以feign为例,自动配置类为TraceFeignClientAutoConfiguration。该类定义了切面类TraceFeignAspect,将feign.Client对象以TraceFeignObjectWrapper包装,代码如下:
# spring-cloud-sleuth-instrumentation-3.1.0.jar!/org.springframework.cloud.sleuth.instrument.web.client.feign.TraceFeignObjectWrapper
Object wrap(Object bean) {
if (bean instanceof Client && !(bean instanceof TracingFeignClient)

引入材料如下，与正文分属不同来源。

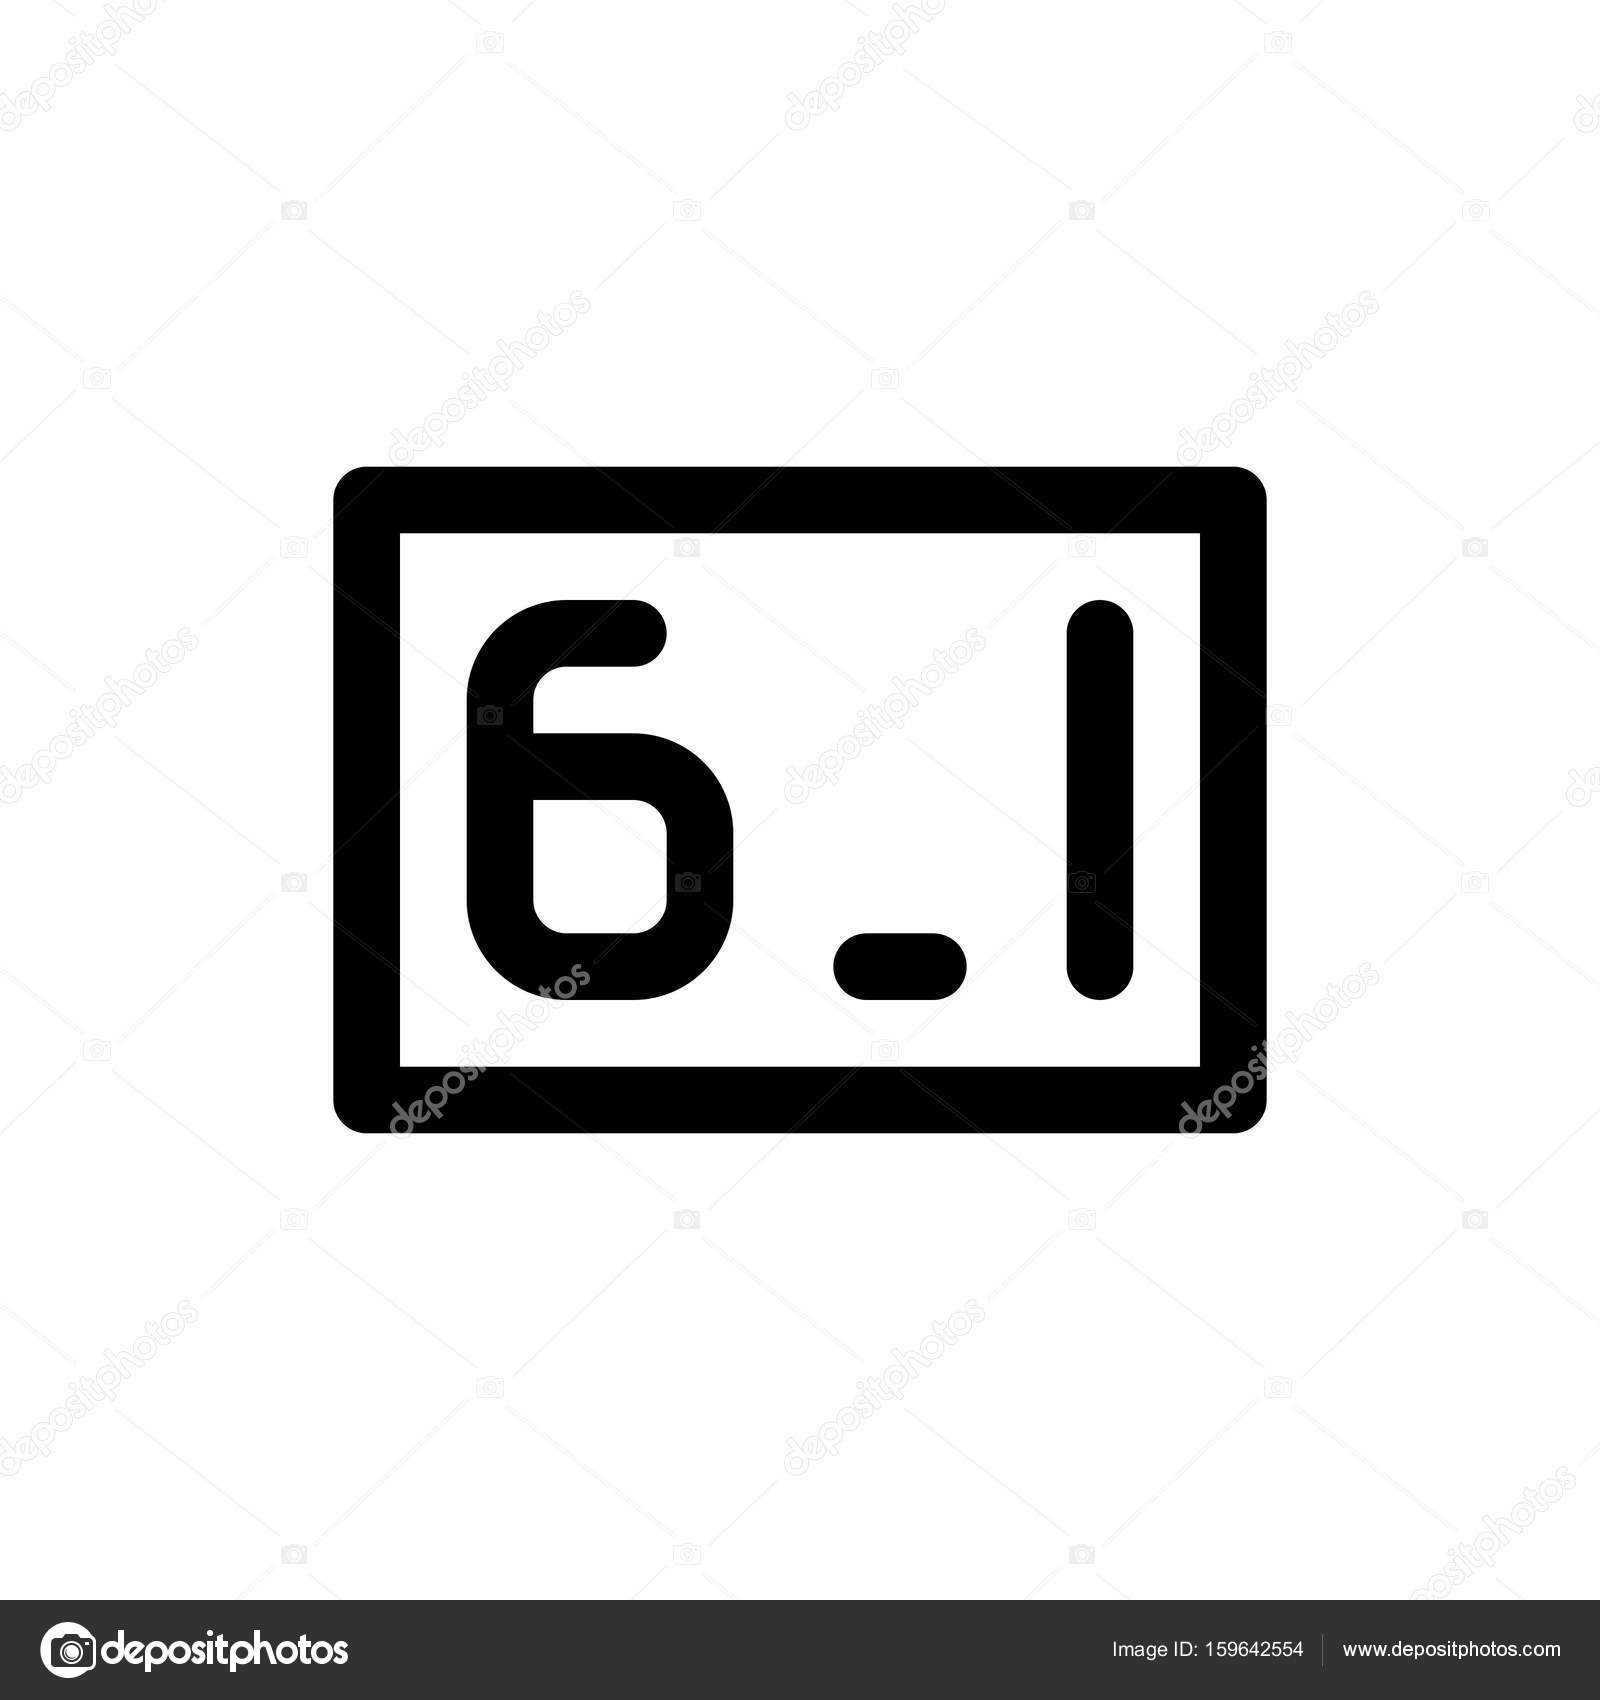 dolby digital logo stock vector get4net 159642554 rh depositphotos com dolby digital logo svg dolby digital logo 2011

&& !(bean instanceof LazyTracingFeignClient)) {
if (loadBalancerPresent && bean instanceof FeignBlockingLoadBalancerClient
&& !(bean instanceof TraceFeignBlockingLoadBalancerClient)) {// 1. 阻塞时的feign负载均衡存在,且该bean未被TraceFeignObjectWrapper处理时
return instrumentedFeignLoadBalancerClient(bean);
}
if (loadBalancerPresent && bean instanceof RetryableFeignBlockingLoadBalancerClient
&& !(bean instanceof TraceRetryableFeignBlockingLoadBalancerClient)) {
return instrumentedRetryableFeignLoadBalancerClient(bean);
}
return new LazyTracingFeignClient(this.beanFactory, (Client) bean); // 2. 普通的feign.Client,返回包装的TracingFeignClient
}
return this.traceFeignBuilderBeanPostProcessor.postProcessAfterInitialization(bean, null); // 使用TraceFeignBuilderBeanPostProcessor处理Feign.Builder(实质仍是在获取Client前使用TraceFeignObjectWrapper返回包装的Client)
}
private Object instrumentedFeignLoadBalancerClient(Object bean) {
if (AopUtils.getTargetClass(bean).equals(FeignBlockingLoadBalancerClient.class)) {
FeignBlockingLoadBalancerClient client = ProxyUtils.getTargetObject(bean); // 1.1 已经经过AOP处理的FeignBlockingLoadBalancerClient,获得真实对象
return new TraceFeignBlockingLoadBalancerClient( // 1.1 将FeignBlockingLoadBalancerClient的delegate作为Client包装,再包装成支持负载均衡的TraceFeignBlockingLoadBalancerClient
(Client) new TraceFeignObjectWrapper(this.beanFactory).wrap(client.getDelegate()),
(LoadBalancerClient) loadBalancerClient(), loadBalancerProperties(),
(LoadBalancerClientFactory) loadBalancerClientFactory(), this.beanFactory);
}
else {
FeignBlockingLoadBalancerClient client = ProxyUtils.getTargetObject(bean);
try {
Field delegate = FeignBlockingLoadBalancerClient.class.getDeclaredField(DELEGATE);
delegate.setAccessible(true);
delegate.set(client, new TraceFeignObjectWrapper(this.beanFactory).wrap(client.getDelegate()));
}
catch (NoSuchFieldException | IllegalArgumentException | IllegalAccessException | SecurityException e) {
log.warn(EXCEPTION_WARNING, e);
}
return new TraceFeignBlockingLoadBalancerClient(client, (LoadBalancerClient) loadBalancerClient(),
loadBalancerProperties(), (LoadBalancerClientFactory) loadBalancerClientFactory(),
this.beanFactory);
}
}
了解spring-cloud-loadbalancer或ribbon机制的一定了解,请求先被负载均衡处理,那么先看TraceFeignBlockingLoadBalancerClient。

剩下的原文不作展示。